1. Enable Dataplex / Knowledge Catalog APIs and grant IAM to list, lookup, and modify catalog entries.
2. Authenticate with ADC:

```bash
gcloud auth application-default login
```

`ApiContext.default()` reads the active gcloud project, compute region, and access token. Missing values cause init or sync to fail immediately.

## Sync lifecycle

```mermaid
sequenceDiagram
  participant User
  participant kcmd as kcmd CLI
  participant Snapshot as CatalogSnapshot
  participant Sync as CatalogSync
  participant API as Dataplex Catalog API

  User->>kcmd: init --scope-flag
  kcmd->>Snapshot: write catalog.yaml
  User->>kcmd: pull
  kcmd->>Sync: pull()
  Sync->>API: lookupEntry / lookupEntryLinks
  API-->>Sync: entries + links
  Sync->>Snapshot: _storeResource → catalog/
  User->>kcmd: edit local files
  User->>kcmd: push
  kcmd->>Sync: push()
  Sync->>Snapshot: listEntries / _fetchResource
  Sync->>API: createEntry / modifyEntry / reconcile EntryLinks
```

| Phase | Command | Local output | Remote effect |
|-------|---------|--------------|---------------|
| Bootstrap | `kcmd init` | `catalog.yaml` | None |
| Download | `kcmd pull` | `catalog/**/*.yaml` or `*.md` | Read-only |
| Grounding | `kcmd reference` | `catalog/**/*.ref.yaml` | Read-only |
| Publish | `kcmd push` | Unchanged files | Creates/updates entries and links |

## Initialize a workspace

`kcmd init` requires exactly one primary source type.
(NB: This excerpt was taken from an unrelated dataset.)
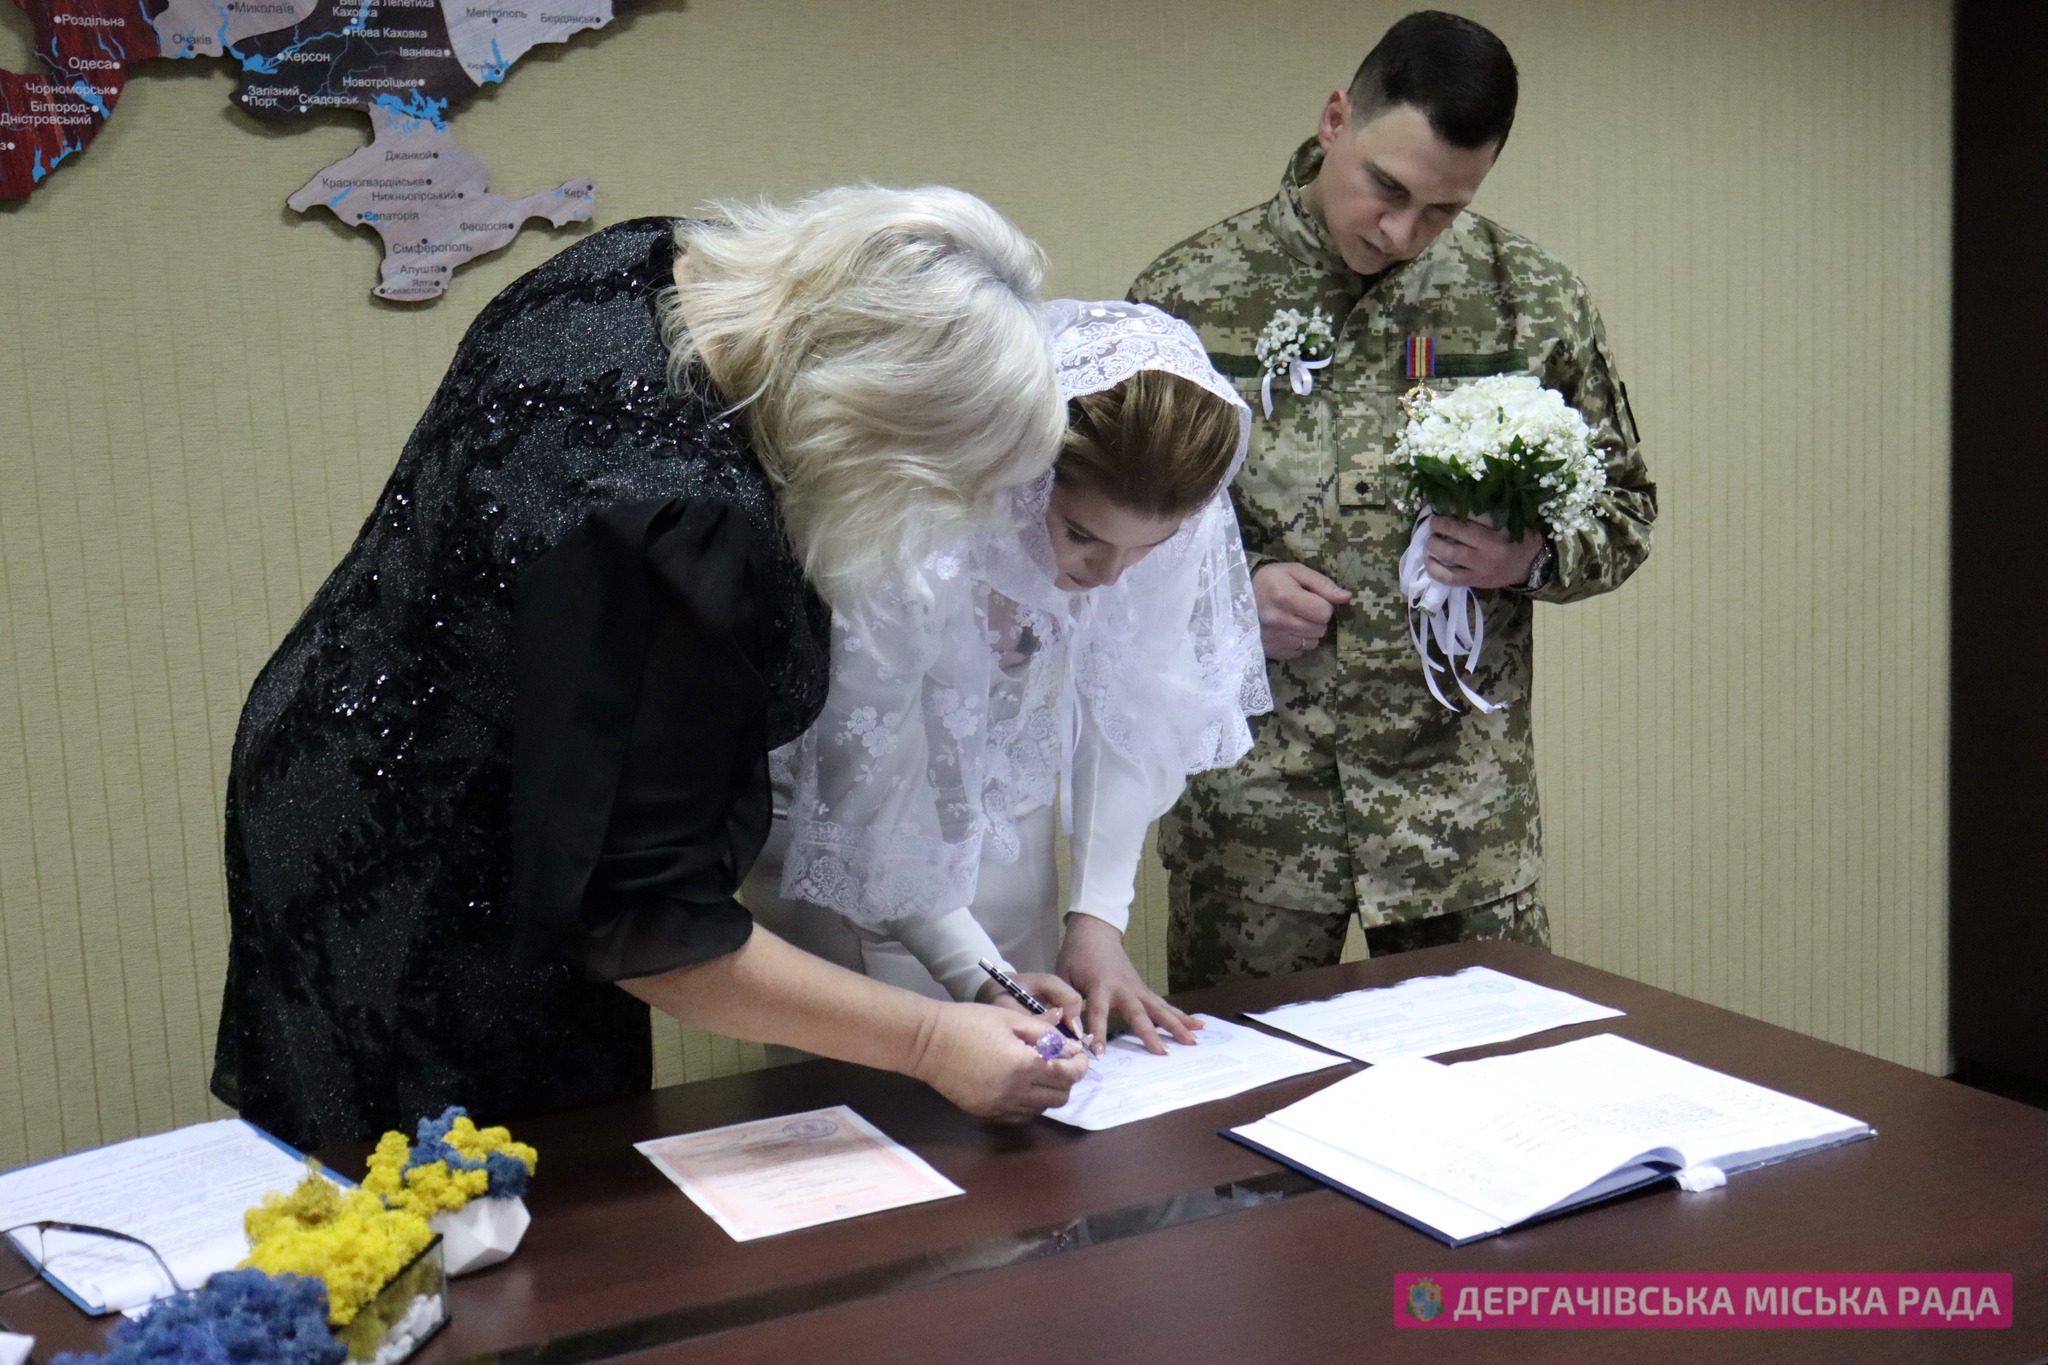 Весілля лейтенанта та солдата на Харківщині 2

The flag selects workspace mode, `catalog.yaml` `scope`, and on-disk layout (YAML for data assets, Markdown for knowledge bases).
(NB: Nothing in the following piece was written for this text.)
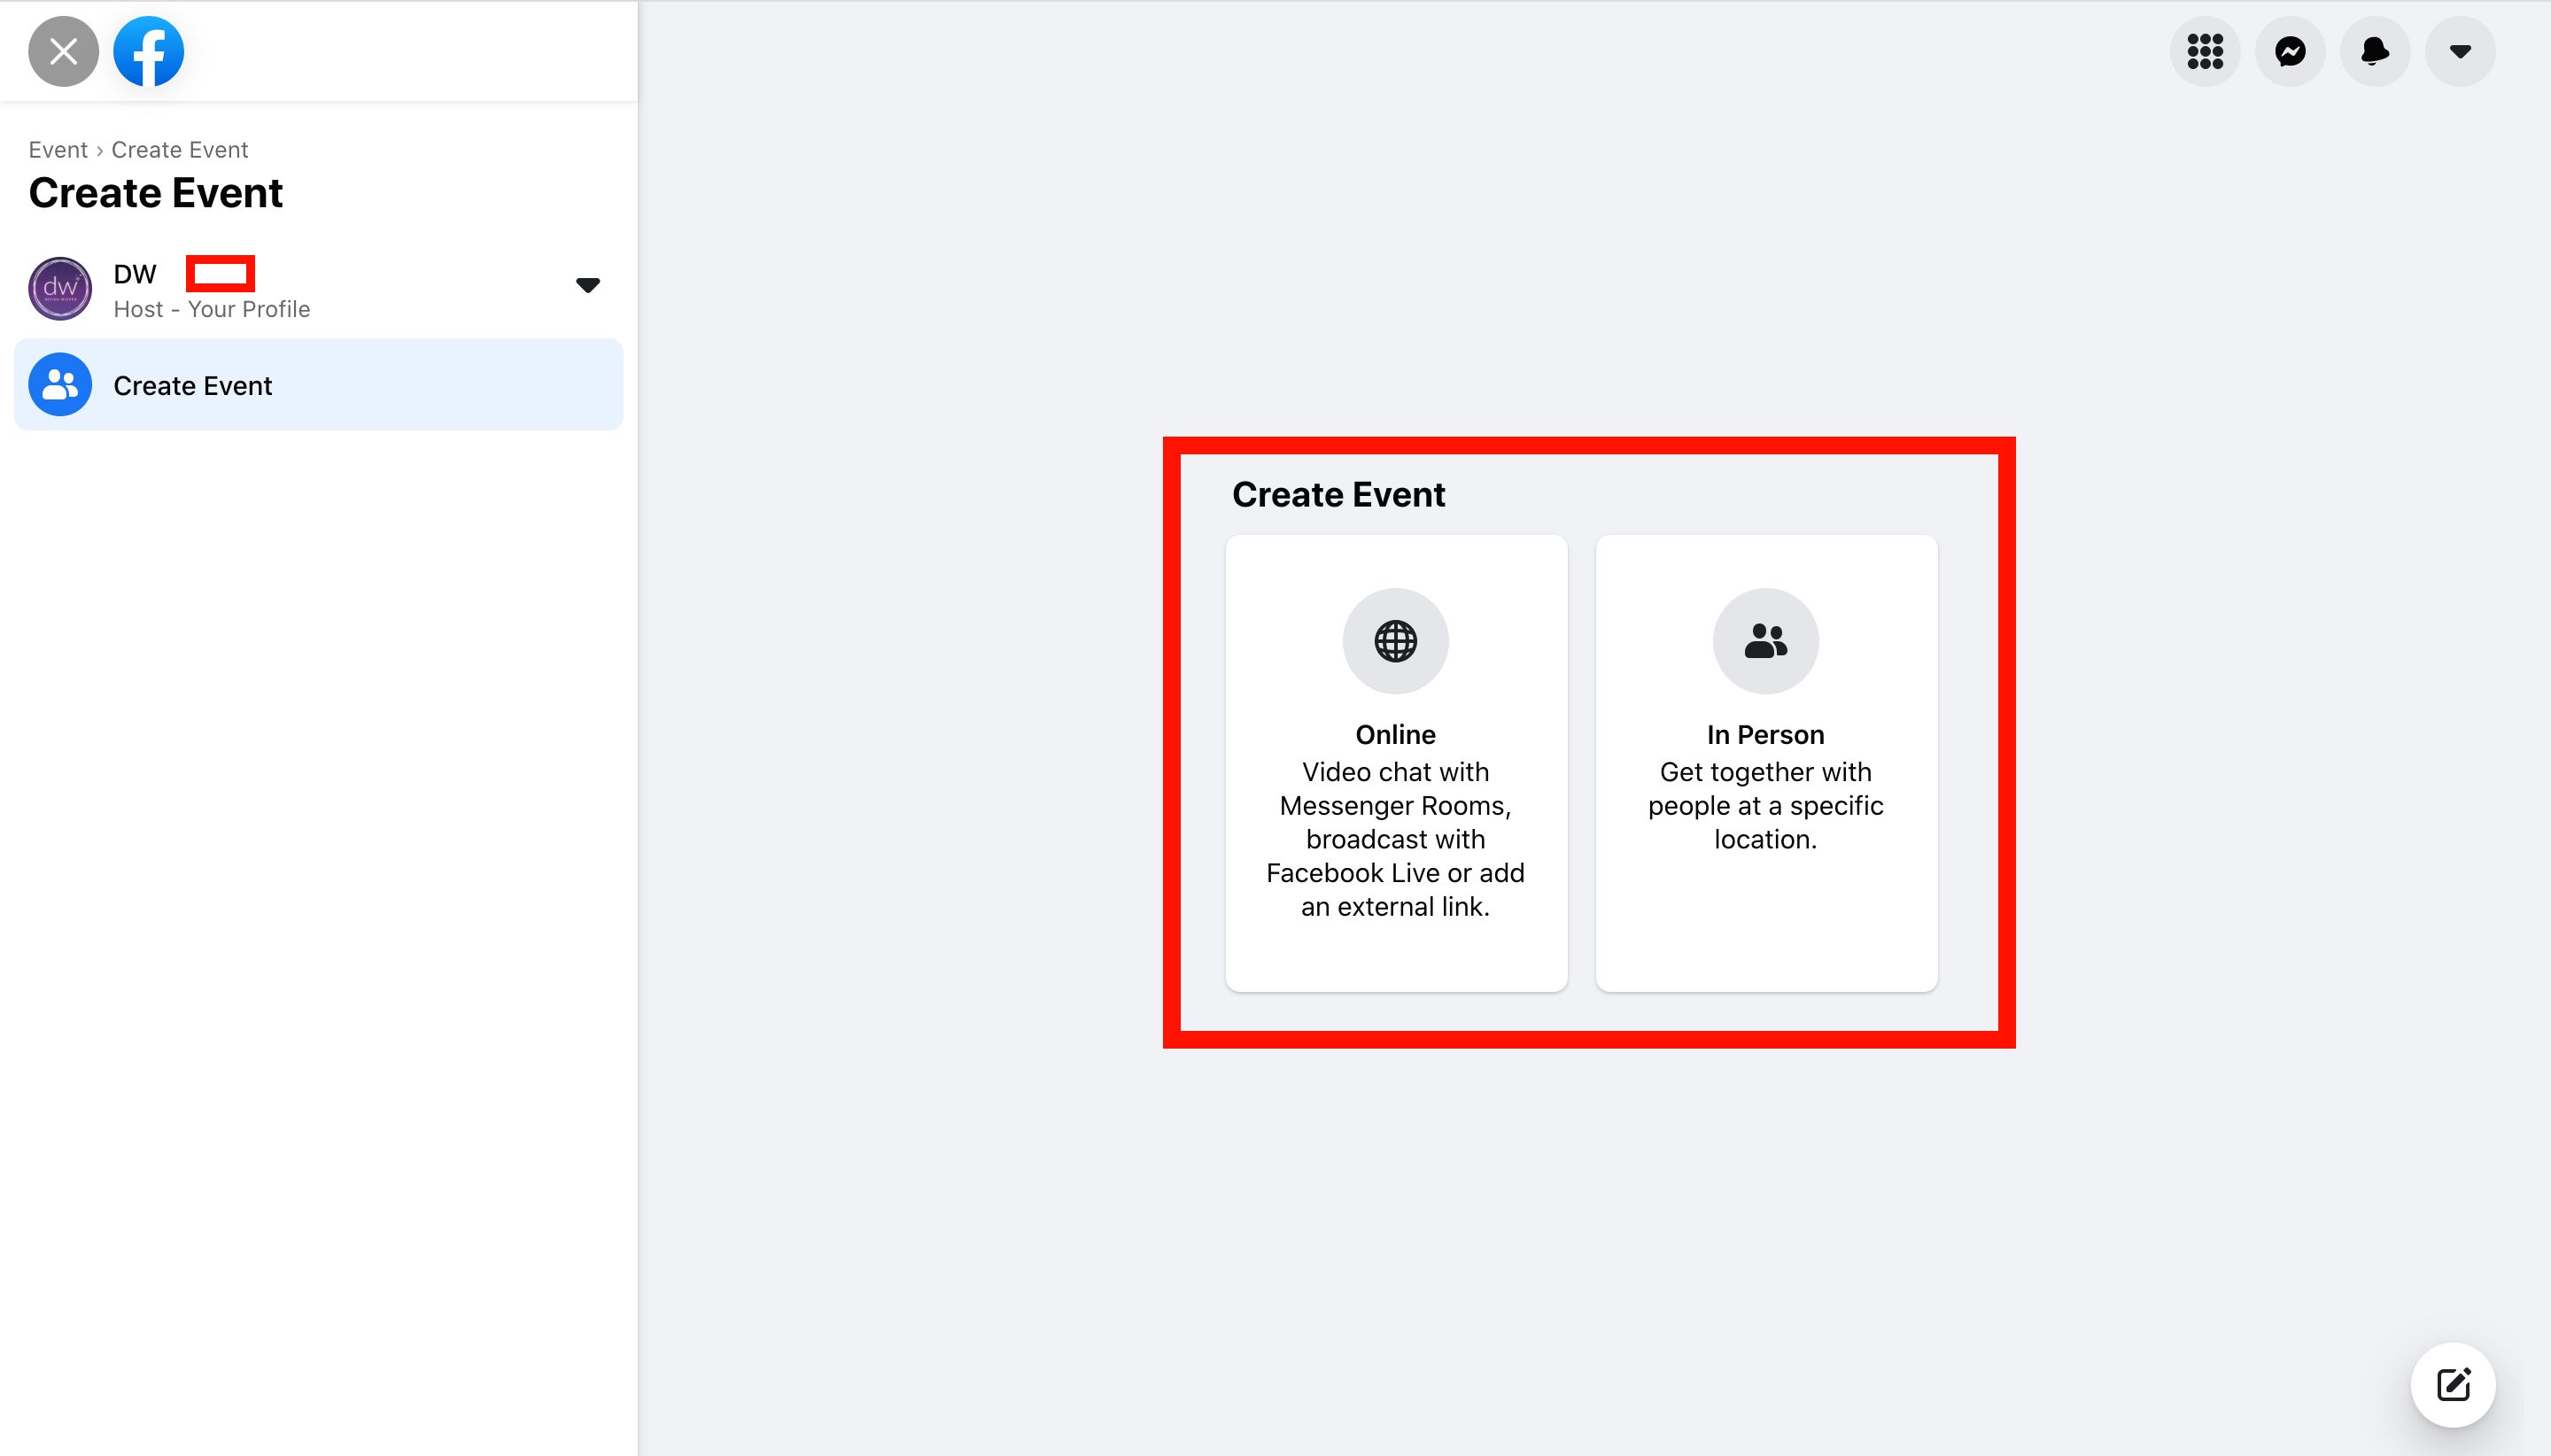 Captura de pantalla de las opciones de eventos en línea y en persona

| Mode | Flag | ID format | Layout |
|------|------|-----------|--------|
| BigQuery | `--bigquery-dataset` | `project.dataset` (repeat flag for multiple datasets) | YAML |
| Knowledge base | `--kb` | `project.location.entry-group-id` | Markdown (`.md`) |
| Entry group | `--entry-group` | `project.location.entry-group-id` | YAML |
| BigLake (Iceberg) | `--biglake-namespace` + `--iceberg` | `project.catalog.namespace` | YAML |
| Glossary | `--glossary` | `project.location.glossary-id` (comma-separated or location-only) | YAML under `catalog/glossaries/` |

<Steps>
<Step title="Create the workspace directory">

```bash
mkdir my-catalog-workspace && cd my-catalog-workspace
```

</Step>
<Step title="Run init for your scope">

<CodeGroup>
```bash BigQuery
kcmd init --bigquery-dataset my-project.my_dataset
```

```bash Knowledge base
kcmd init --kb my-project.us-central1.my-kb-id
```

```bash Entry group
kcmd init --entry-group my-project.us-central1.my-entry-group
```

```bash BigLake Iceberg
kcmd init --biglake-namespace my-project.my-catalog.my-namespace --iceberg
```

```bash Glossary
kcmd init --glossary my-project.us-central1.my-glossary-id
```
</CodeGroup>

Add `--pull` to initialize and immediately download metadata:

```bash
kcmd init --bigquery-dataset my-project.my_dataset --pull
```

</Step>
<Step title="Verify catalog.yaml">

Init prints the generated manifest. A BigQuery workspace produces a scope like `bq-dataset.my-project.my_dataset`. Customize `snapshot`, `publishing`, and optional `reference` blocks before the first pull.

</Step>
</Steps>

<ParamField body="--bigquery-dataset" type="string[]">
One or more dataset IDs as `project.dataset`. Multiple flags merge into a single multi-dataset workspace.
</ParamField>

<ParamField body="--kb" type="string" required>
Knowledge base entry group as `project.location.entry-group-id`. Uses Markdown layout.
</ParamField>

<ParamField body="--entry-group" type="string" required>
Custom Dataplex entry group as `project.location.entry-group-id`.
</ParamField>

<ParamField body="--biglake-namespace" type="string" required>
BigLake namespace as `project.catalog.namespace`. Requires `--iceberg`; other metastores are rejected.
</ParamField>

<ParamField body="--glossary" type="string" required>
Glossary scope: single ID, comma-separated IDs, display name, or location-only (`project.location`) for all glossaries in a location.
</ParamField>

<ParamField body="--pull" type="boolean">
Run `kcmd pull` immediately after writing `catalog.yaml`.
</ParamField>

## Pull editable metadata

`kcmd pull` loads `catalog.yaml`, enumerates entries from the scoped source, calls `lookupEntry` for each matching entry type, and writes files under `catalog/`.

```bash
kcmd pull
```

<ParamField body="--dry-run" type="boolean">
Log `[DRY-RUN] Pull Resource: …` without writing files.
</ParamField>

### What pull fetches

- **Entries** listed in `snapshot.entries` (or all entries when the list is empty).
- **Aspects** named in `snapshot.aspects`, passed to `lookupEntry` as the aspect filter.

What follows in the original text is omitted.